**THE DATA:**

..........

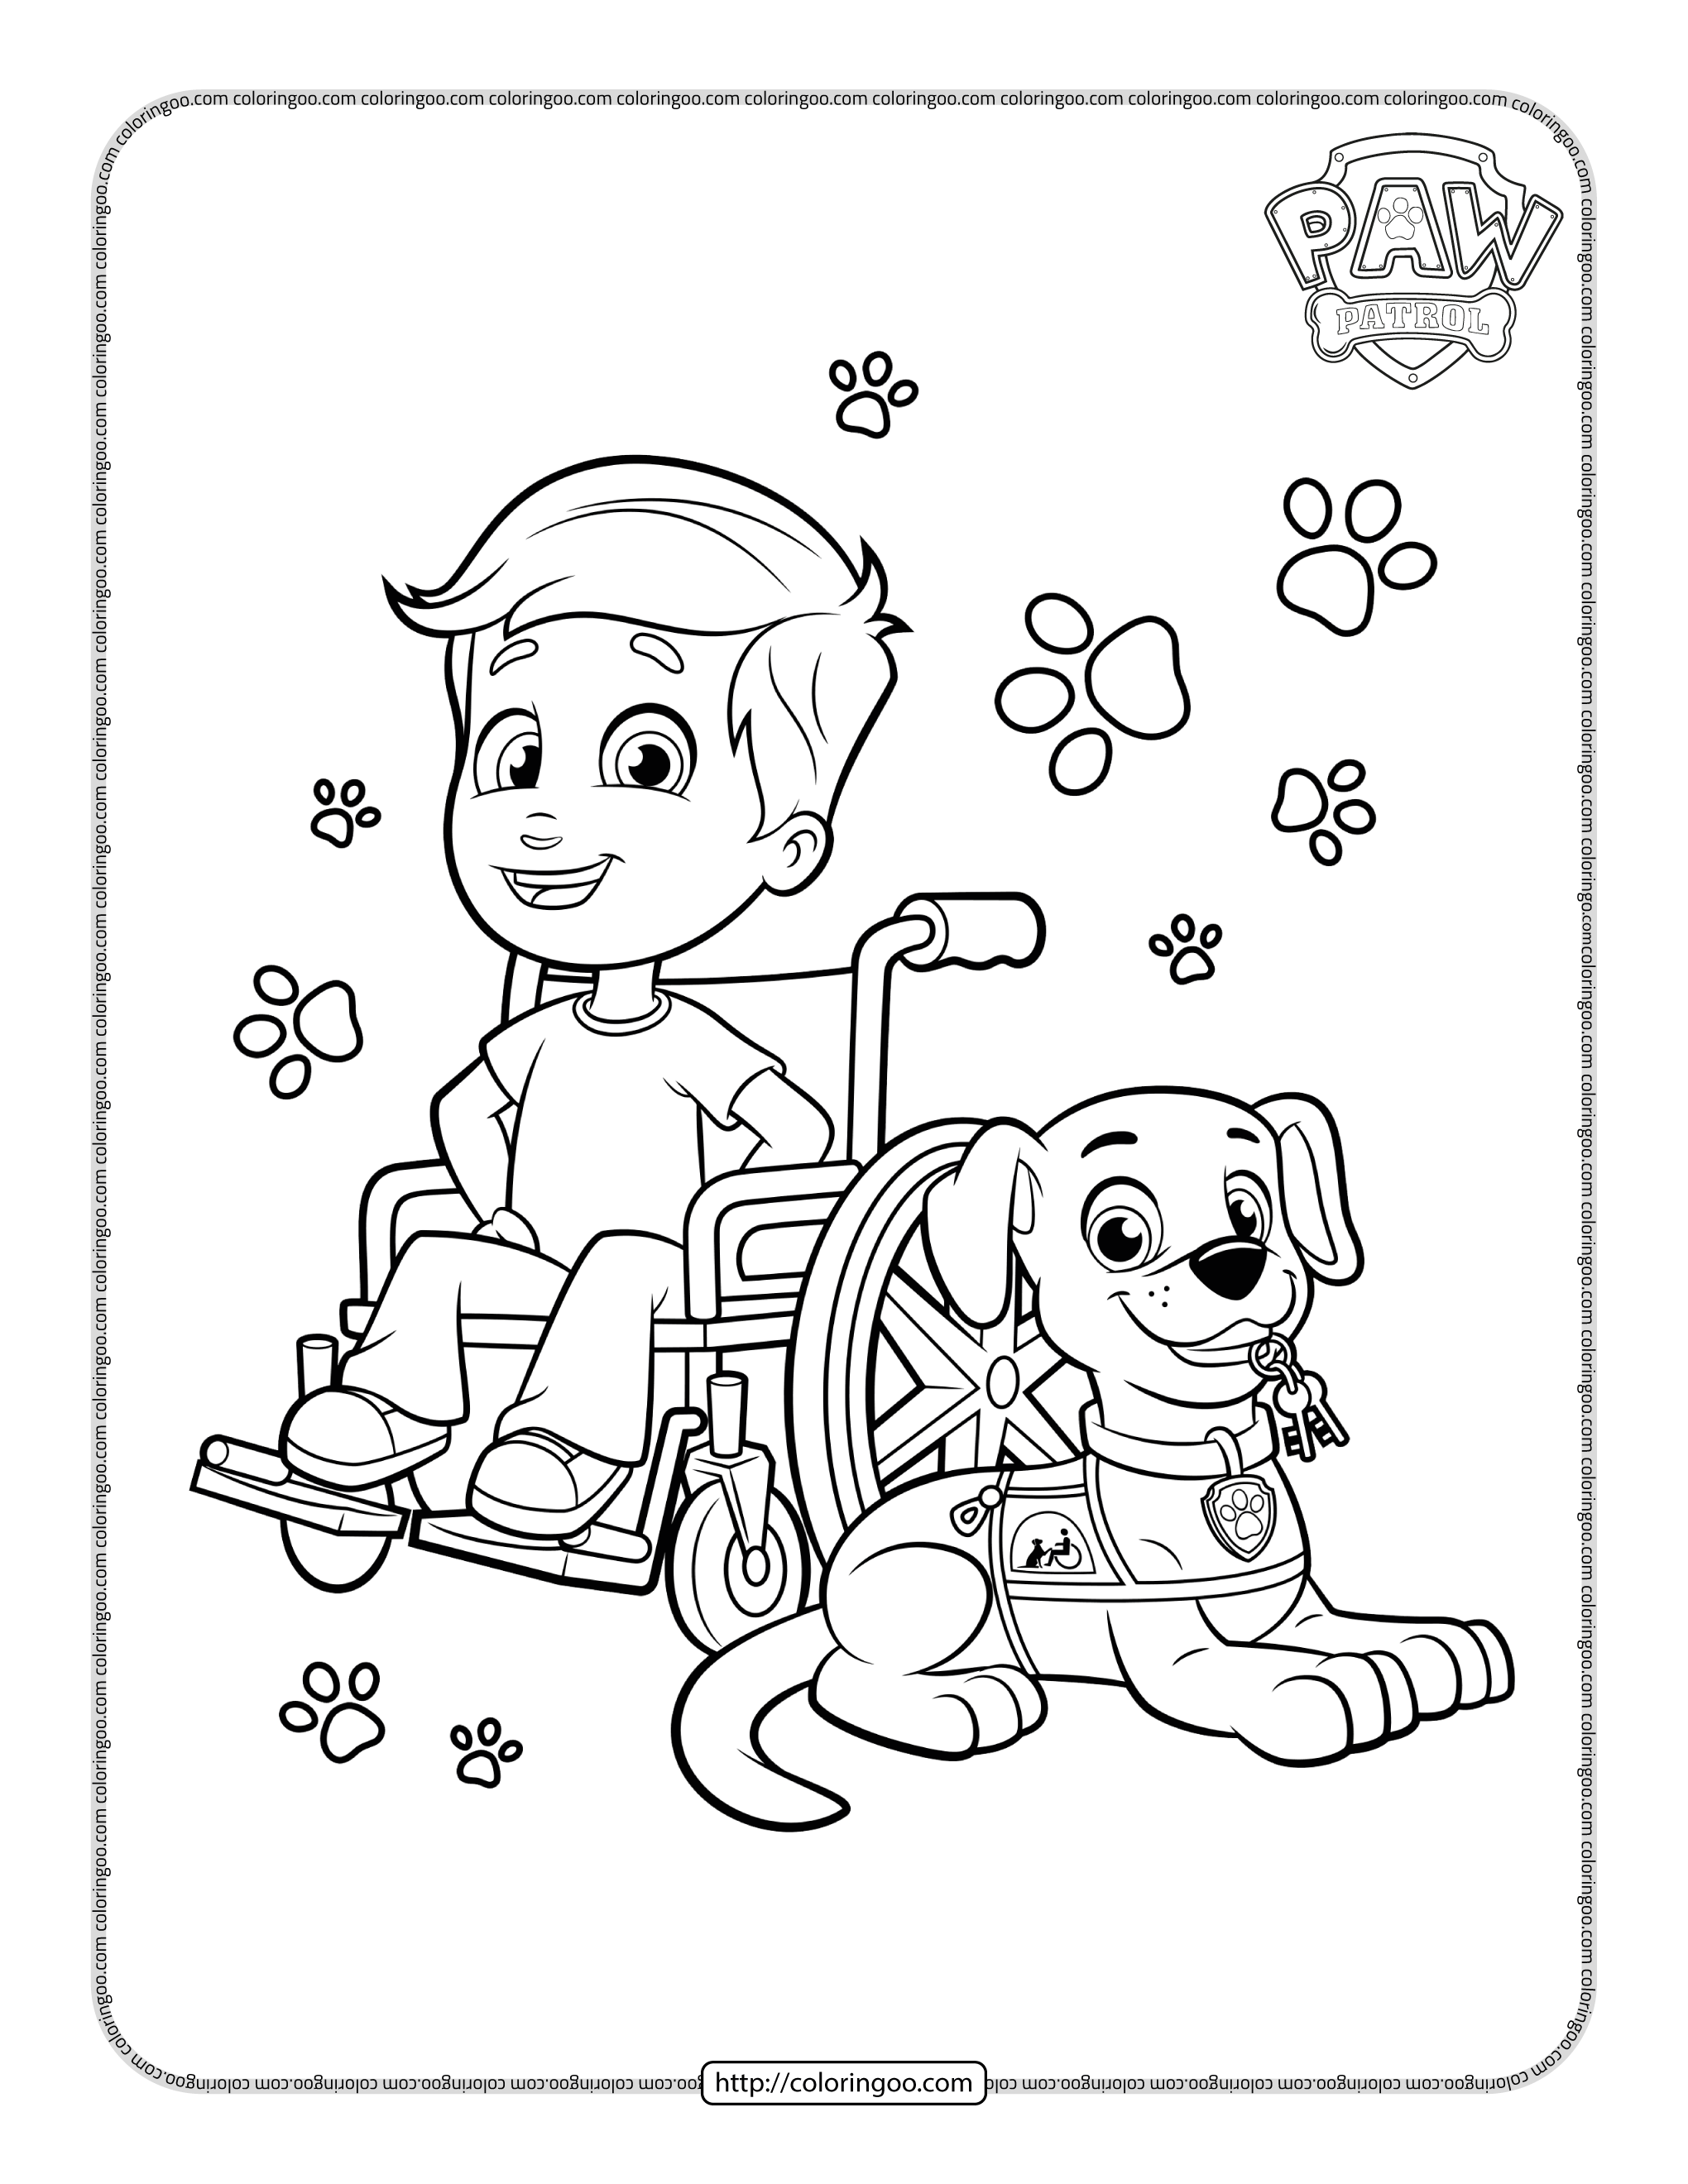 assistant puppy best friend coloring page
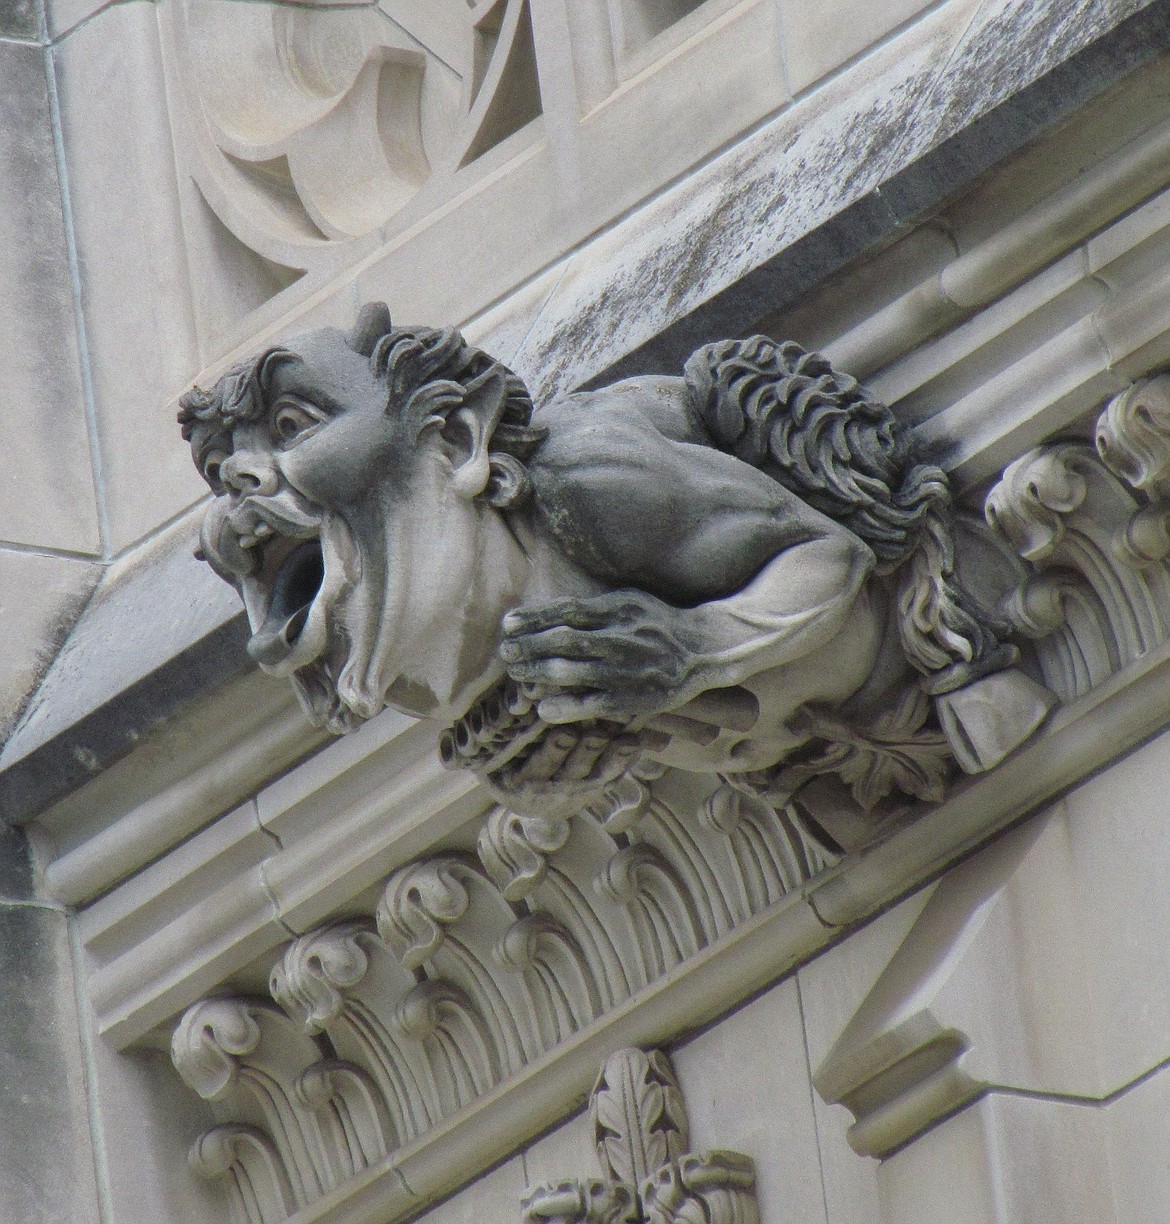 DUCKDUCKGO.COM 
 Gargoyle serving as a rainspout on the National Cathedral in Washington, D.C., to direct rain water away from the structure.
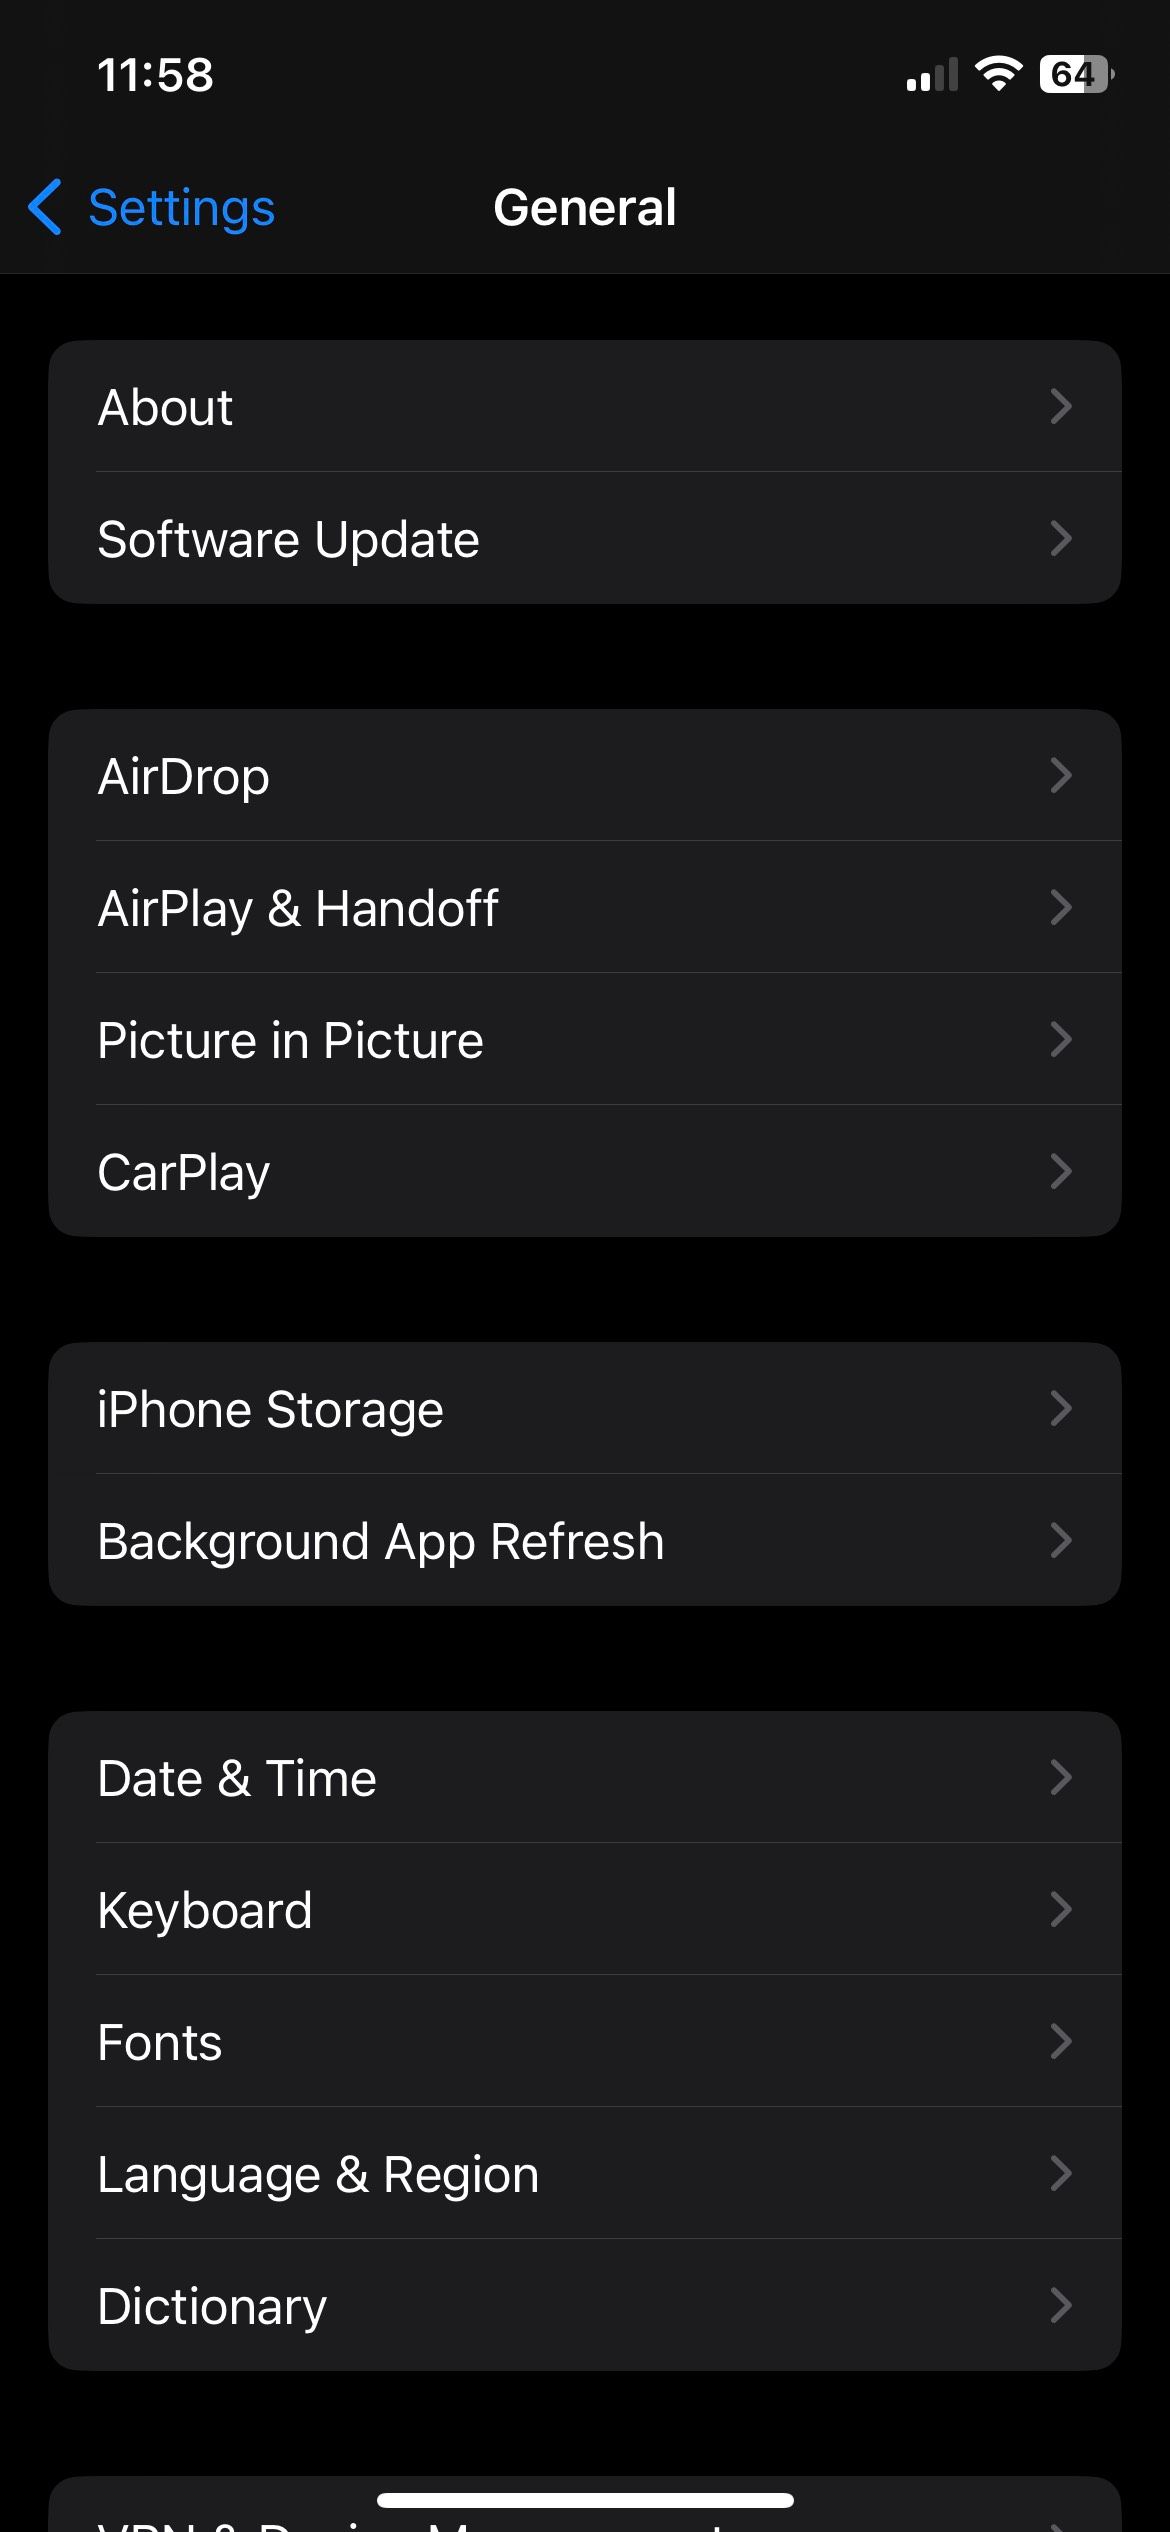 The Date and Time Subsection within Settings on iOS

..........

**TASK REQUIREMENTS:**
An exact reproduction of the data above is required, with every picture removed.

**EXERCISE ANSWER:**
 assistant puppy best friend coloring page
 DUCKDUCKGO.COM 
 Gargoyle serving as a rainspout on the National Cathedral in Washington, D.C., to direct rain water away from the structure.
 The Date and Time Subsection within Settings on iOS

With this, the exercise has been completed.